There is no full proof cure to sickle cell anemia. However there is a wide variety of treatments that can further improve the management of the disease. Treatments such as bone marrow transplants are done order to erase the presence of sickle cells and replace it with a healthy bone marrow which produces normal red blood cells. Another treatment would be the intake of maintenance medicines that basically affect the level and status of the hemoglobin in the red blood cells. These medicines also affect improve the amount of oxygen carried in the red blood cells which aid in managing the SCA disease.

One of the known treatments to Sickle Cell Anemia would be the Recombinant DNA Technology. Initially, it is evident that sickle cell anemia is due to a genetic mutation which caused the bone marrow to produce abnormal red blood cells. This situation is the specific target of recombinant DNA technology. In simpler terms, recombinant DNA technology can treat SCA by intervening with its cellular integrity and supplying it with the missing substance (Glutamic acid) that the body needs in order to produce normal red blood cells (Sarin 1995). This is achieved through the creation of a genetically engineered cell which undergoes cloning in order to increase its number. Afterwards, the group of cloned cells is introduced into the body and they immediately bind with the host cells and introduce their content to cell and multiply. The advantage of these techniques is that it directly works with the genetic deficiency disorder and provides what the body is lacking (Glutamic acid in the case of SCA). The speed of the reaction is much faster and sustained. Similarly, ideas and concepts of human cloning have also been brought about by the number researches done. It has been discussed that human cloning can resolve genetic issues by providing a normal base resource for all the body needs. In the case of the Recombinant DNA technology, the disadvantage of this technique in treating SCA is that there is still a large room for error and research. Experiments are yet to be done regarding the effect of an artificially introduced substance to intervene with the cellular production of red blood cells. Furthermore, since Recombinant DNA technology is still new to the world of science, complications are unavoidable and there have been documented situation that the use of gene replacement therapies through genetic engineering led to the death of the individual affected.
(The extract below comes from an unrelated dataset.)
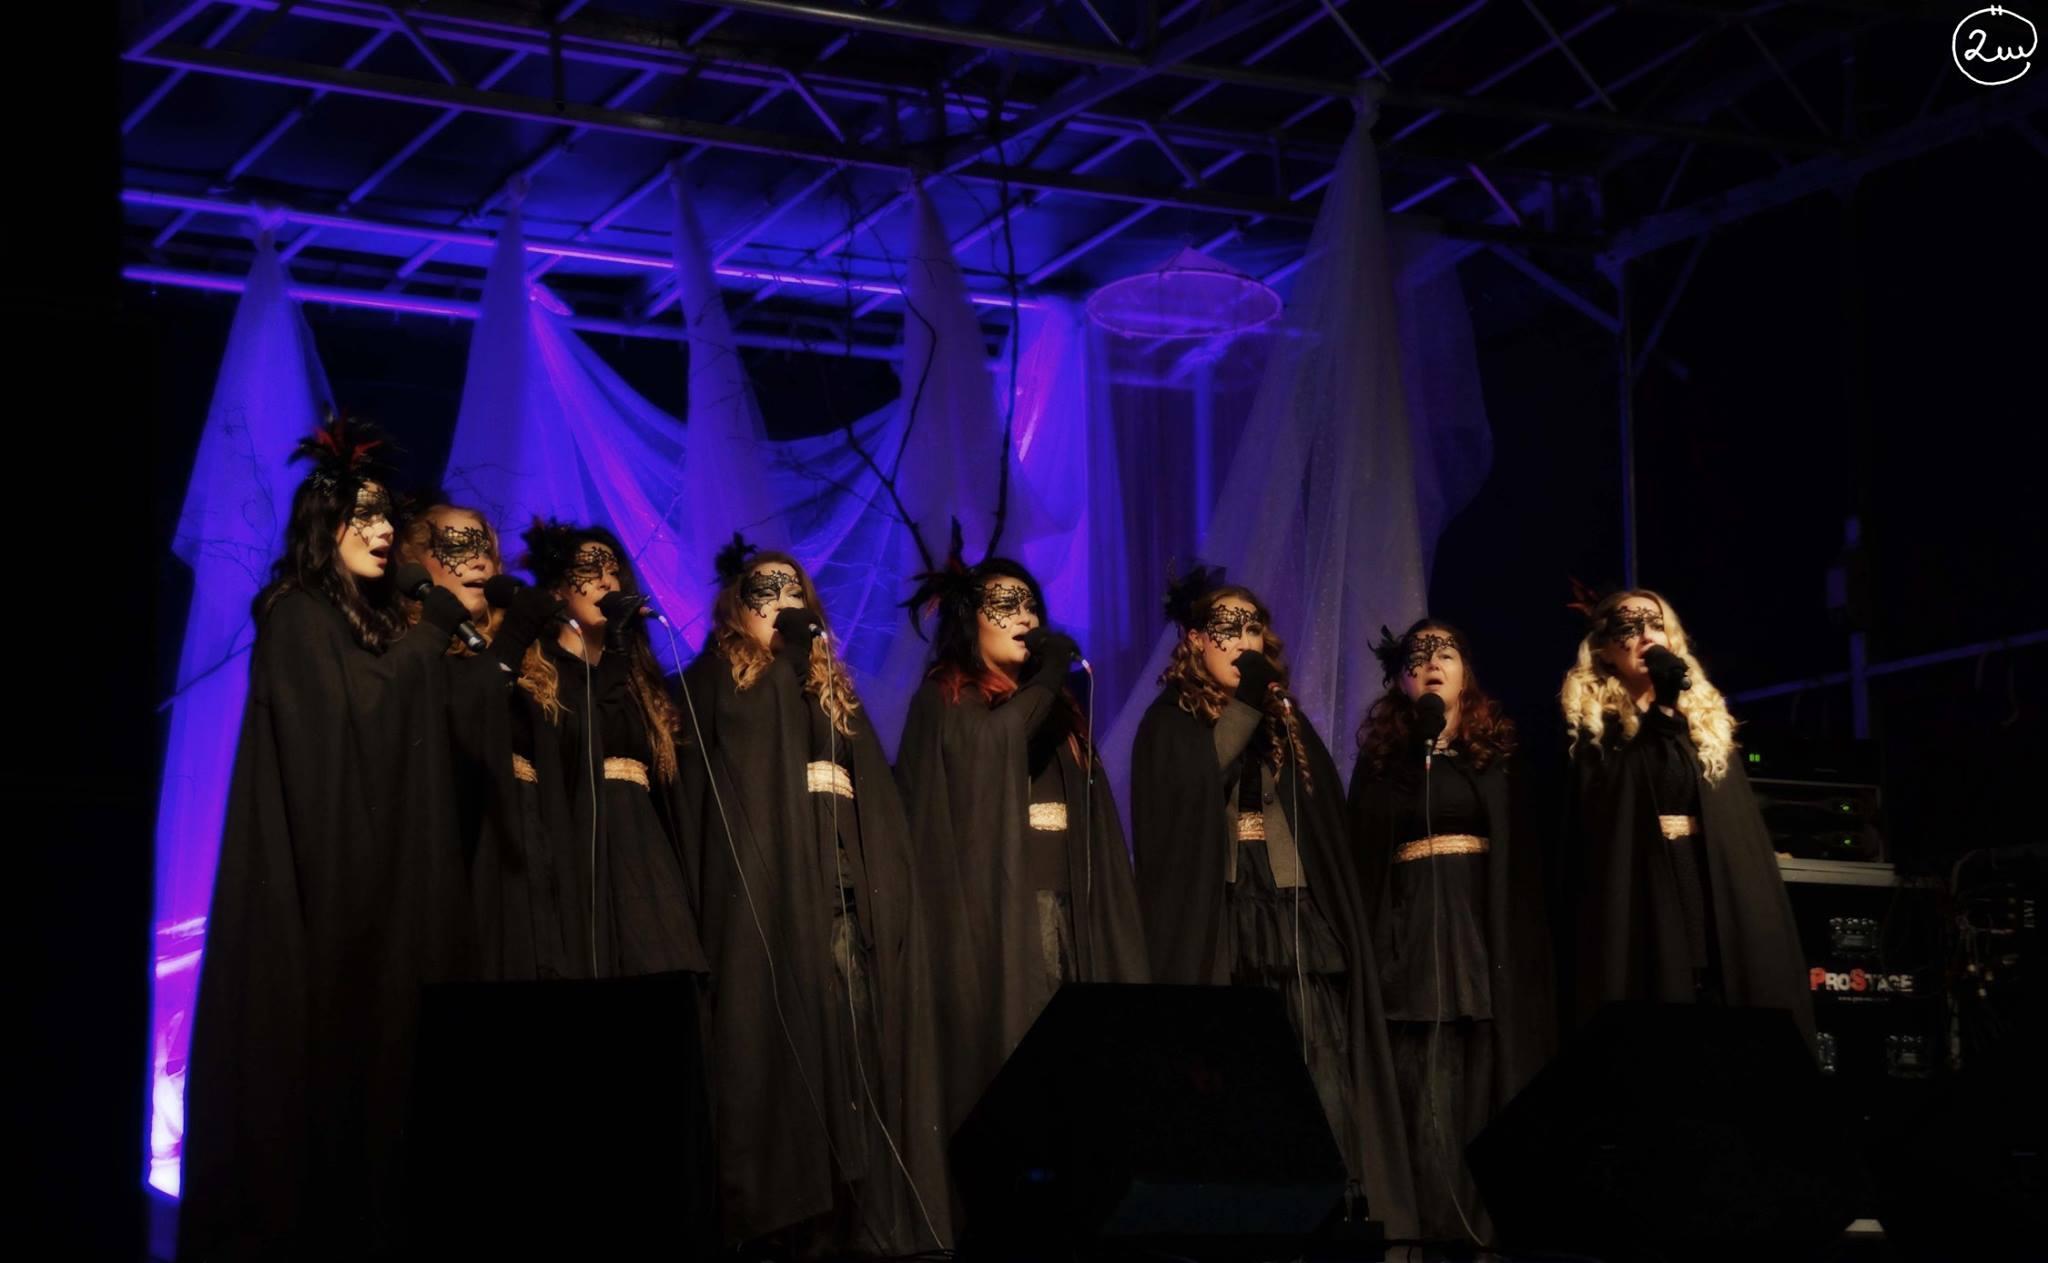 Vokalgruppen Dimmerar'yn uppträder med stämsång under showen. Foto:Stephanie & Ulrika Örjas, 2Witches Photo
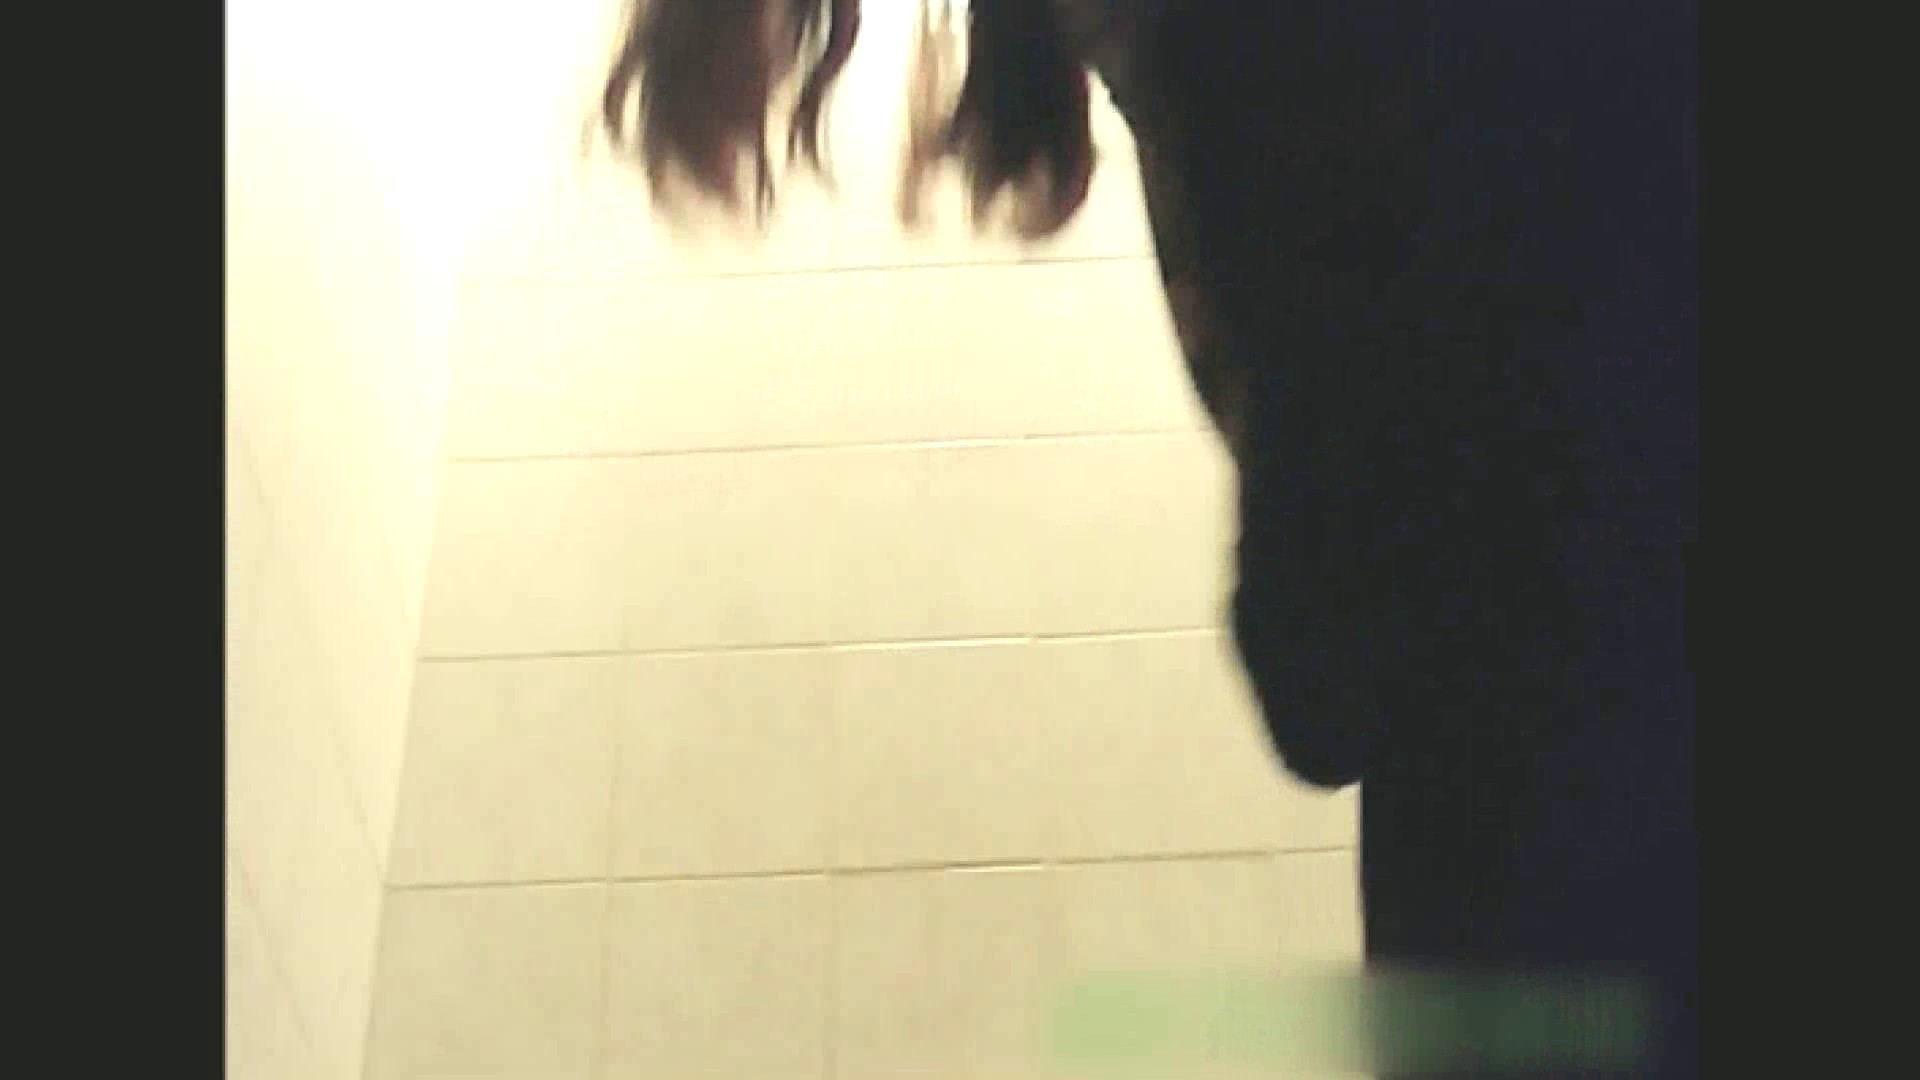 実録!!綺麗なお姉さんのトイレ事情・・・。vol.13 トイレ突入 | お姉さん丸裸  105pic 93

The DNA cloning process for recombinant DNA technology is the most important part in achieving the goal of replacing a mutated gene with the right substance. Initially, the technology of DNA cleavage and degradation will be used. DNA fragments will be cut into portions and enzymes such as DNA ligase will be used to pair the ends to the cut portions.  The DNA fragments contain the information or substance that is needed in order to cure an abnormal cell. The insertion of a piece of DNA from a foreign source is made possible by the action of the same enzyme ligase. The mode of action starts with the DNA ligase catalyzing the formation of the phosphodiester bond at single strand interruption in duplex DNA. Ligase therefore, connects the DNAs from different source to form the biologically active chimeric DNA r DNA clones. The foreign DNA can now be introduced to a cleaved vector or carrier which will be responsible of carrying and transmitting the fragment. The cloned DNA can now be introduced to the host cell. This genetic work is done using E. coli as the host cell but many other host cells are now used such as yeast, Drosophila and other plants and animals. The process of detecting the recipient cells is simple. These cells will show the characteristics determined by the introduced gene. As soon as the recipient cells are identified, it becomes a simple process of increasing bacterial culture.

In conclusion, the process of treating Sickle Cell Anemia in the future relies on the advancement and perfection of current Recombinant DNA Technology. It is indeed the future of medicine that genetic treatment will be utilized as a primary procedure.